Hubo una serie de fotos nunca vistas del expresidente Bill Clinton, pero muy pocas del presidente Donald Trump. Ambos han estado relacionados con Epstein, pero han desmentido esas amistades desde entonces. Ninguno ha sido acusado de ningún delito en relación con el magnate, y no hubo indicios de que las fotos jugaran un papel en los casos criminales presentados en su contra.

A pesar de que el viernes se cumplió la fecha límite fijada por el Congreso para hacer público todo el material, el Departamento de Justicia dijo que planea liberar los registros de manera continua. Atribuyó el retraso al largo proceso de ocultar los nombres de los sobrevivientes y otra información identificativa. El departamento no ha informado cuándo podrían llegar más registros.
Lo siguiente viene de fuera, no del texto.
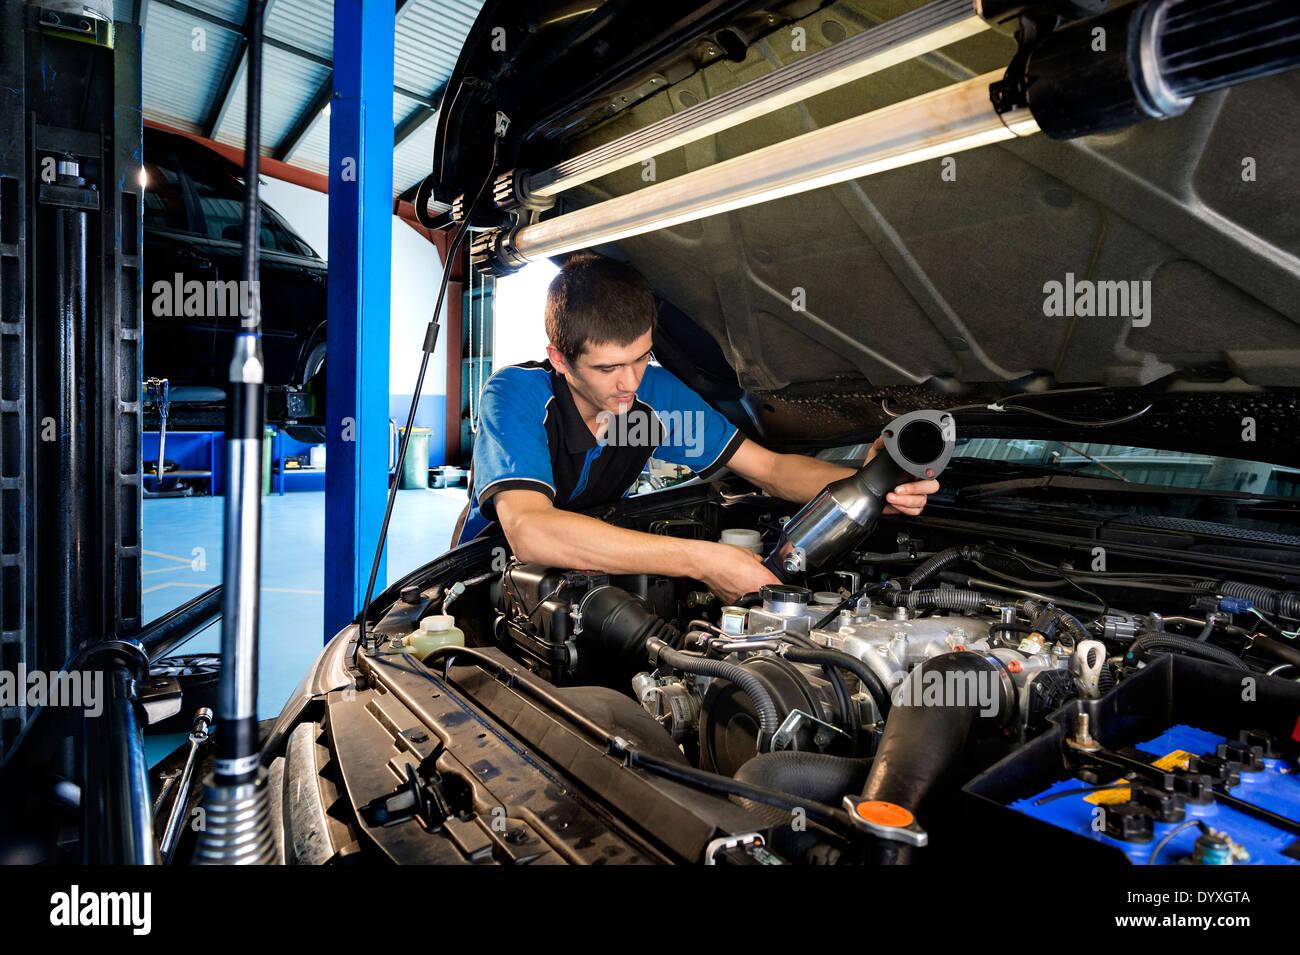 Apprentice mechanic under car hood - Stock Image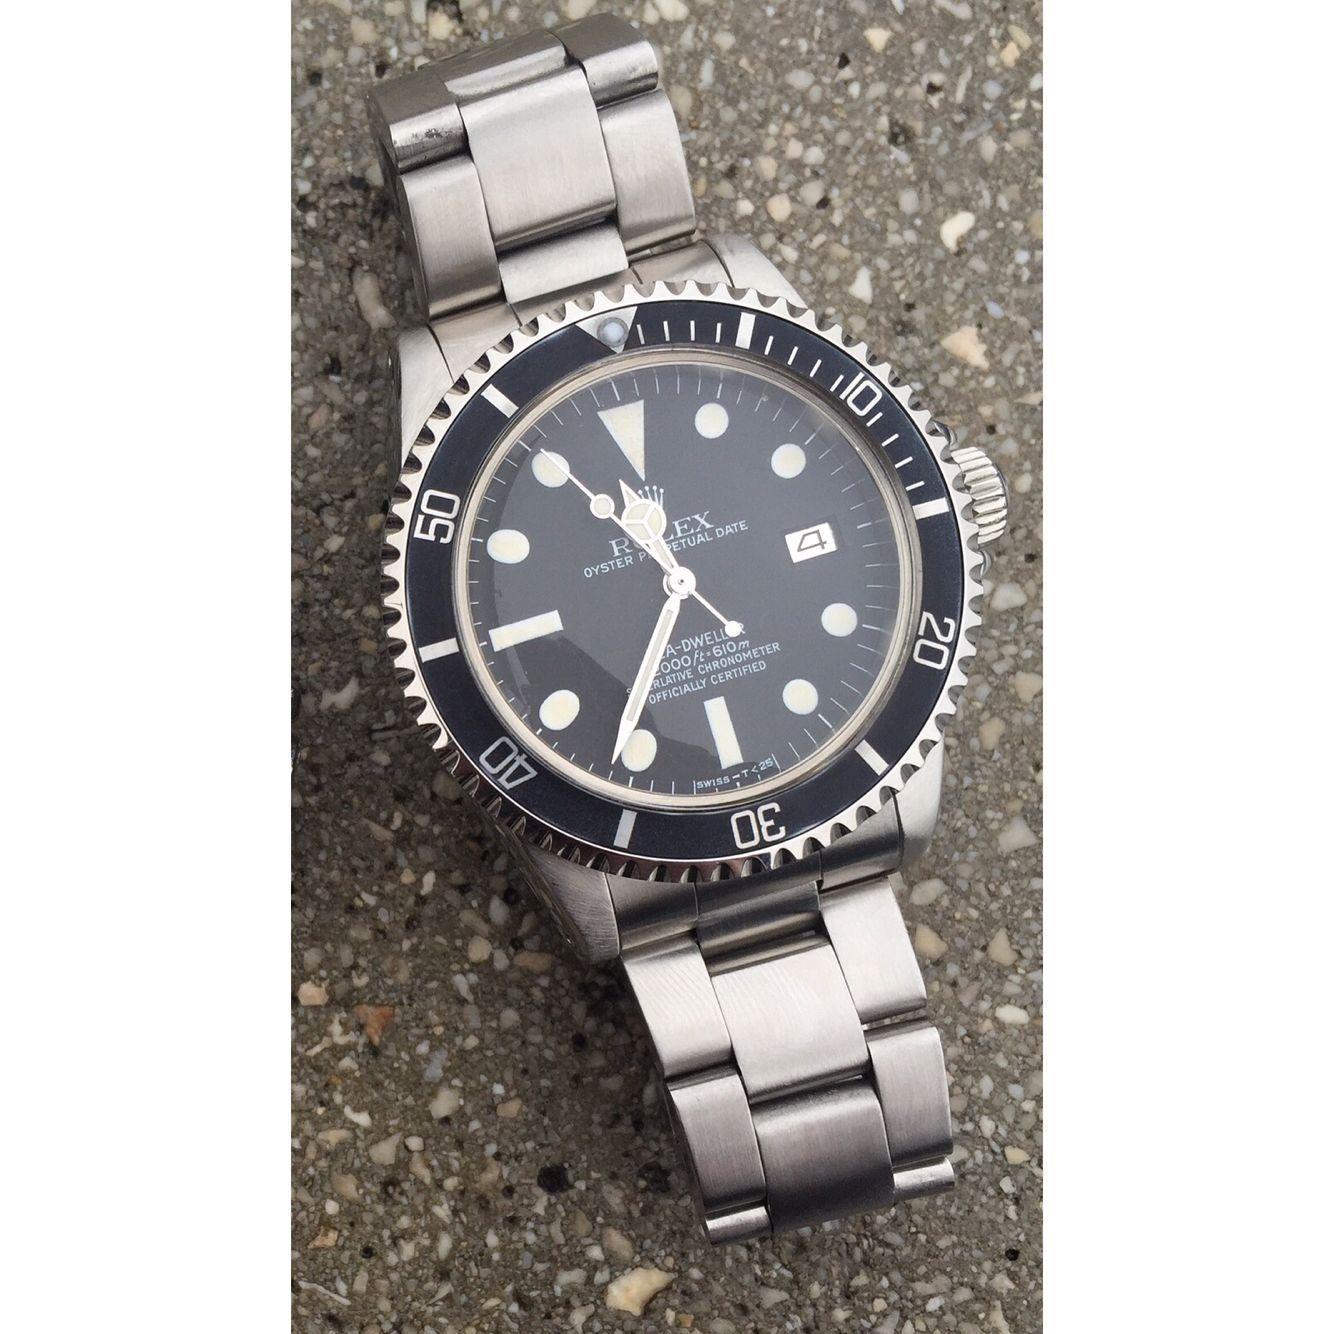 Rolex sea dweller 1665 Mk3. Per maggiori info contattare in privato⭐️⭐️#rolex #vintage #daytona #patek #audemarspiguet #datejust #datedate #chanel

Ese enfoque enfureció a algunos acusadores de Epstein y a miembros del Congreso que lucharon para aprobar la ley que obligó al departamento a actuar. En lugar de marcar el final de una batalla de años por la transparencia, la divulgación de documentos del viernes fue meramente el comienzo de una espera indefinida para obtener un panorama completo de los crímenes de Epstein y los pasos que se dieron para investigarlos.

“Me siento como si nuevamente el DOJ, el sistema de justicia nos estuviera fallando”, dijo Marina Lacerda, refiriéndose al Departamento de Justicia por sus siglas en inglés; afirma que Epstein comenzó a abusar sexualmente de ella en su mansión de la ciudad de Nueva York cuando tenía 14 años.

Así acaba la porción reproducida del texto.